1968: Lin Zhao, martyr poet

On this date in 1968, a “rightist” student whose critique of the Cultural Revolution was not blunted by the rigors of imprisonment was informed that her jail sentence had been changed to execution — which was immediately imposed at Shanghai’s Longhua Airport.

Utterly obscure at her death, Lin Zhao’s memory was tended by those closest to her, passed down like samizdat to latterly emerge out of Mao’s shadow.

An impassioned young intellectual at Peking University and a dedicated Communist with an irrepressible sense of justice, Lin Zhao once called Mao the “red star in my heart” and actually supervised the execution of a landlord during the country’s land reform push in the early 1950s.

But she also refused to temper or retract her criticisms of China’s path when the government abruptly reversed its brief flirtation with pluralism.

In 1960, after circulating a petition for fallen Communist (but not orthodox Maoist) Marshal Peng Dehuai, Lin was arrested, and eventually sentenced to a 20-year term.

It is here that the judicious person discovers the error of her ways, and accepts such terms as she can make for herself.

Not Lin Zhao.

Lin kept writing. Poetry, political manifestos, letters to the newspaper — hundreds of thousands of “reactionary” words. When they took away her ink, she opened her veins and wrote in blood.

By the end, official maltreatment and Lin’s own hunger strikes had wasted her away to less than 70 pounds. She was literally plucked from her prison hospital bed on this date by soldiers who drug her (gagged) to a show trial and execution. But like Marshal Peng, she never bent.

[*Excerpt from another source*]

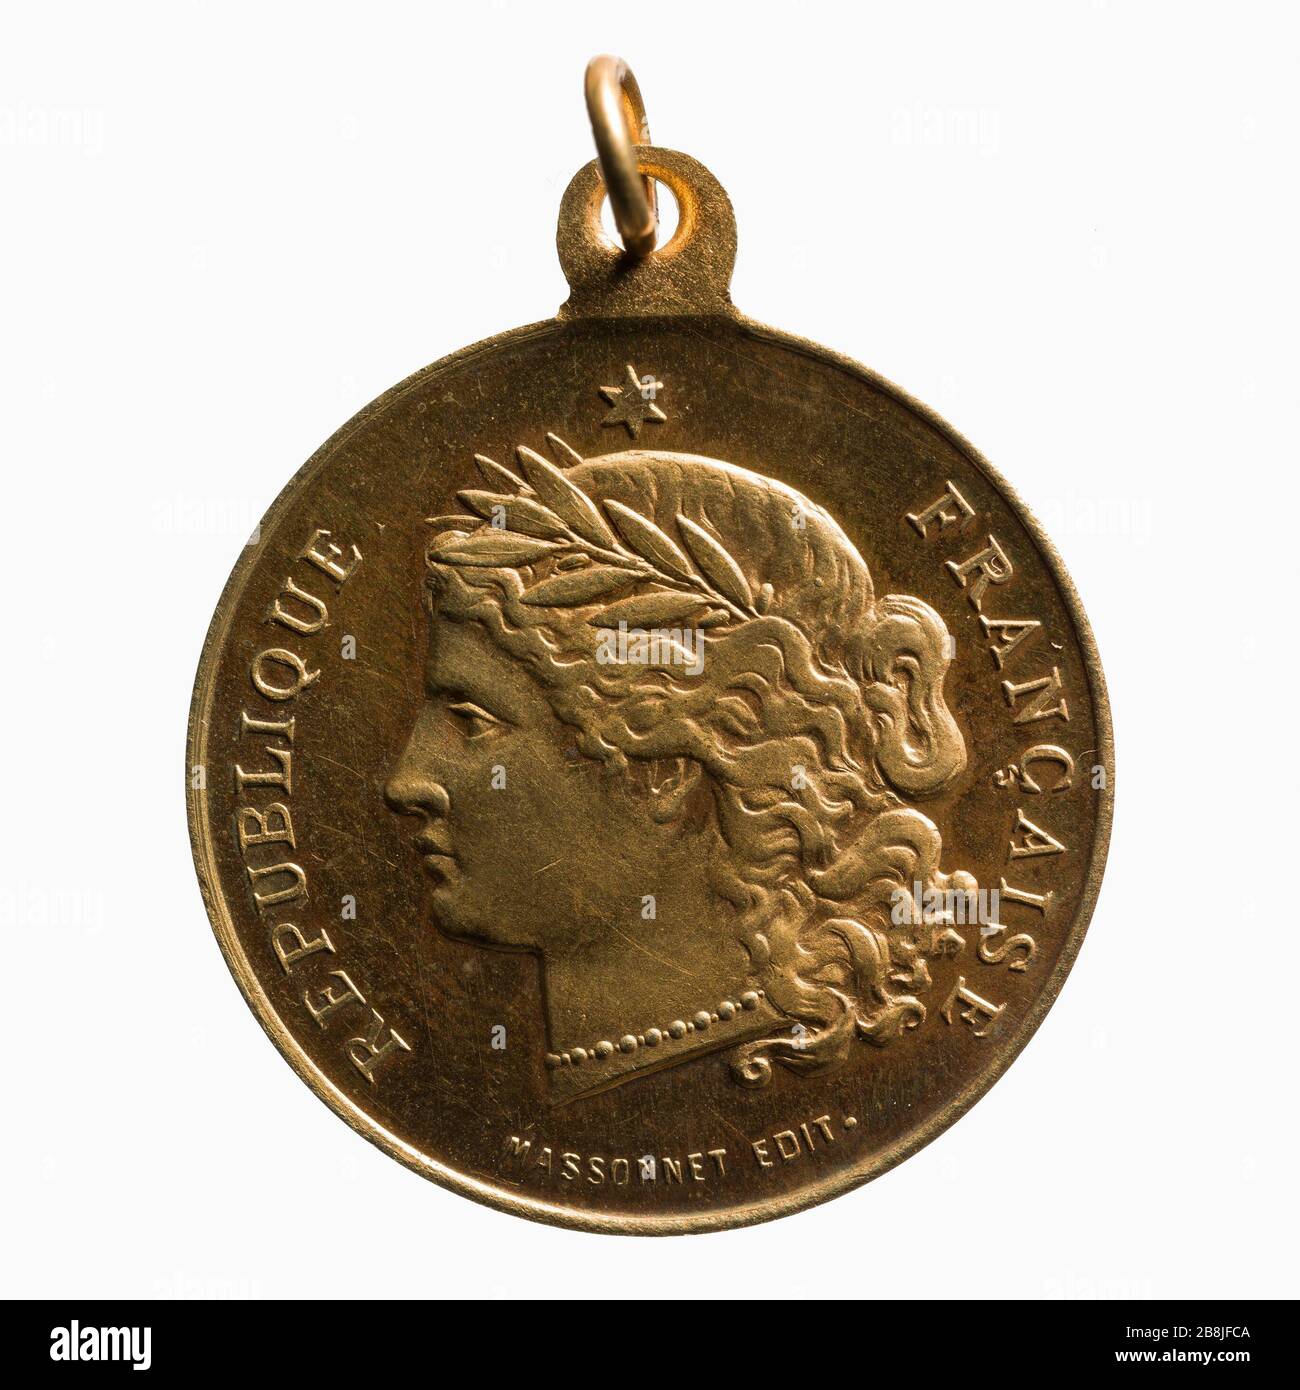 Festa Nazionale, 14 luglio 1881 Massonnet. Médaille commémorative de la Fête nationale, 14 juillet 1881. Parigi, musée Carnavalet. Foto Stock

“Better to be destroyed,” she told her doctor, “than give up one’s principles.” (He’s quoted in Out of Mao’s Shadow: The Struggle for the Soul of a New China.)

Somehow, many of her hematic scribblings (saved by the prison, for possible use against her down the road) were smuggled out to her loved ones.* Somehow, they made their way to filmmaker Hu Jie, who put Lin Zhao back on the cultural map with the banned but well-received 2004 documentary Searching for Lin Zhao’s Soul (or In Search of Lin Zhao’s Soul).

This movie can actually be seen in its entirety in 10-minute installments on YouTube as of this writing.

Lin Zhao was posthumously exonerated by a Shanghai court in 1981. Despite Hu Jie’s efforts, she is still little known in her country, or abroad.

Phosphorescent green light never goes out
And lighting up souls every night
Preserving the soul
Letting go the crippled body
Burning into ashes in misfortune
Someday with a red flower on the head
Recognizing the blood stains
Just as copying a bright red flower
Impossible to paint the real color

One of Lin Zhao’s poems, inscribed on her tomb

* Stanford’s Hoover Institution also holds a collection of Lin Zhao papers.